Carney notes that the issue of abortion isn’t necessarily as straightforward as it’s presented online and in the media. Often clouding the conversation is confusing language used in the wording of abortion ballot initiatives, like the 2022 ballot in Kansas, which was “written by a committee of f—ing lawyers,” as he stated.
Experts have said the language on Kansas’ referendum for a constitutional amendment on abortion was purposefully misleading.
As outlined by The Guardian:
Ballot: The ballot says a “yes” vote would “affirm there is no constitutional right to abortion.”
Reality: To be clear, a “yes” vote changes the Kansas constitution and takes away the constitutional right to an abortion.”
–
Ballot: The ballot says a “yes” vote would be the “government funding of abortion.”
Reality: Kansas already bans taxpayer money from funding abortions.
–
Ballot: The ballot explicitly mentions what kind of exceptions an abortion ban could have, like for pregnancies resulting from rape or incest.
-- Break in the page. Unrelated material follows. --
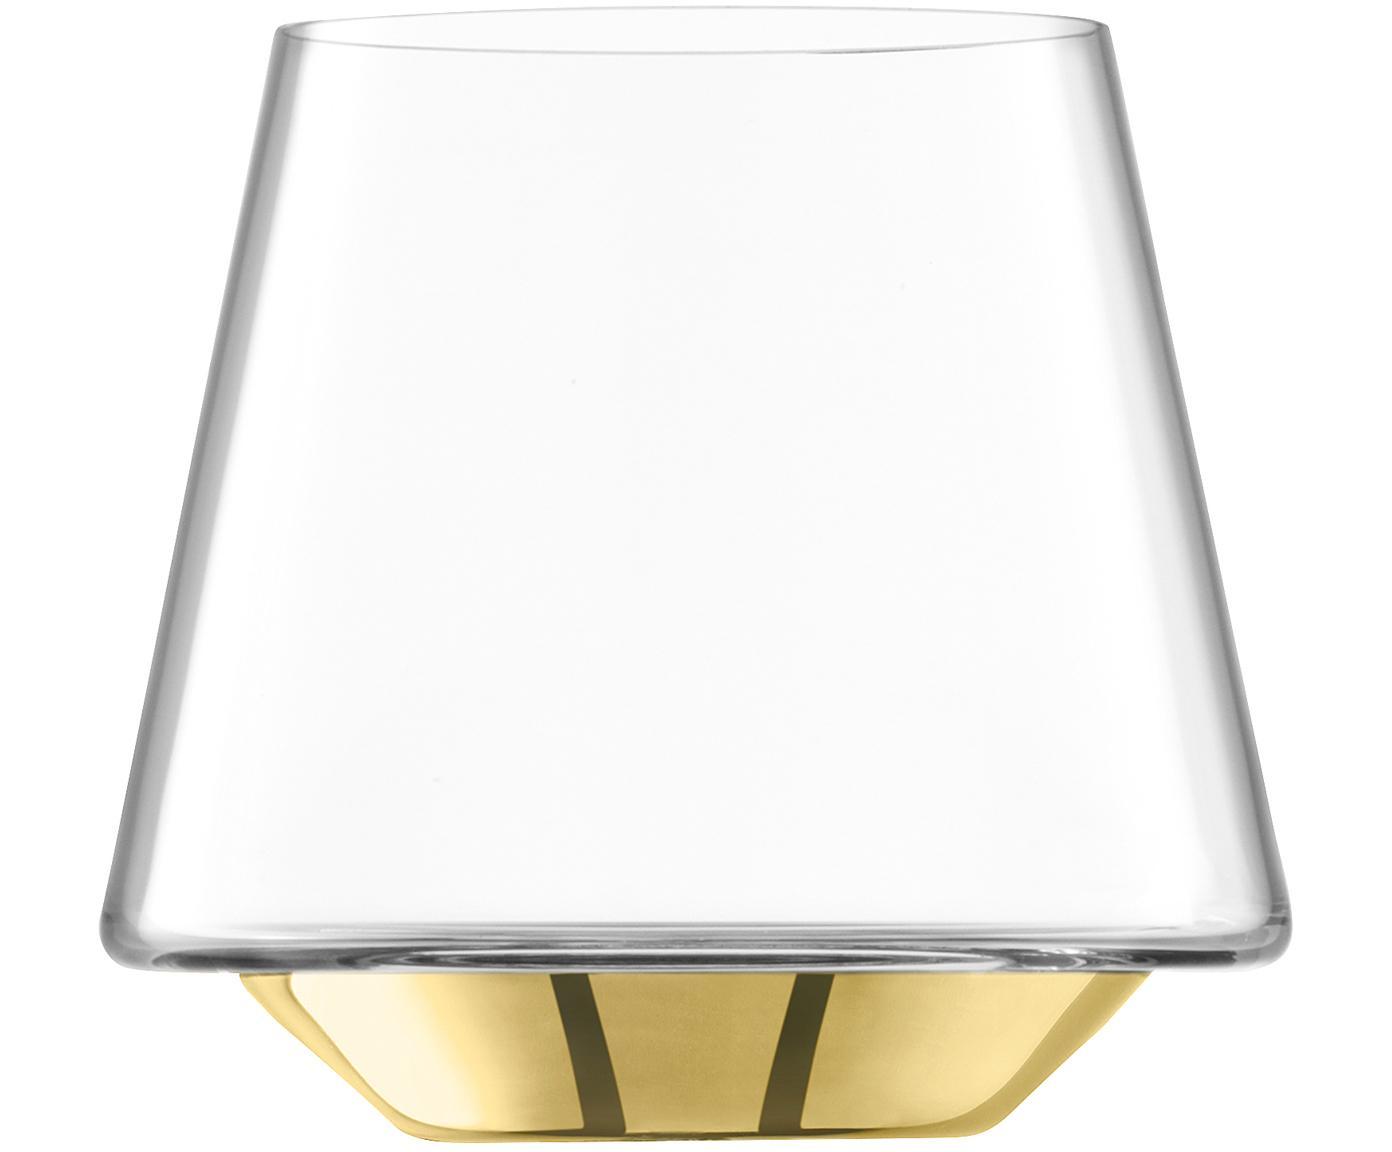 Mundgeblasene Wassergläser Space mit goldenem Boden, 2er-Set, Glas, Transparent, Goldfarben, Ø 10 x H 9 cm

Reality: This vote does not stop the legislature from passing a complete abortion ban, with no exceptions from rape, incest or life of the mother.
–
Ballot: Ultimately, the ballot language sows confusion in an effort to push people to vote “yes”.
Reality: A “yes” vote means the state constitution would no longer protect abortion. A “no” vote means the state constitution would continue to protect abortion.
“It made no sense,” Carney explained. “No one even understood what it was. But, you know, when people go into the voting booth, it’s really much more about how the ballot is presented and what the arguments are.”
Ohio presented a similar case this year, where the language was not even close to a simple up-down vote on abortion. The state’s Issue 1 ballot included language well beyond abortion, codifying a state constitutional right to “make and carry out one’s own reproductive decisions, including but not limited to decisions about abortion, contraception, fertility treatment, miscarriage care, and continuing pregnancy, and allow the state to restrict abortion after fetal viability.”
“I mean, you read that ballot language, it isn’t just about abortion,” said Carney. “It’s about all essential healthcare. I don’t know how anybody voted against that.”
Not all consultants and analysts are in agreement, however.
Seitchik says the problem is not per se Republicans’ messaging on abortion, but that the party needs to try and avoid the subject entirely.
“Certainly abortion is now a more motivating issue for Democrats than it is for Republicans. So, I’m not sure if it’s necessarily that a message has to change. It’s [that] Republicans need the electorate to focus on other things,” he explained, while adding that there are other issue sets that could be more important to voters next year.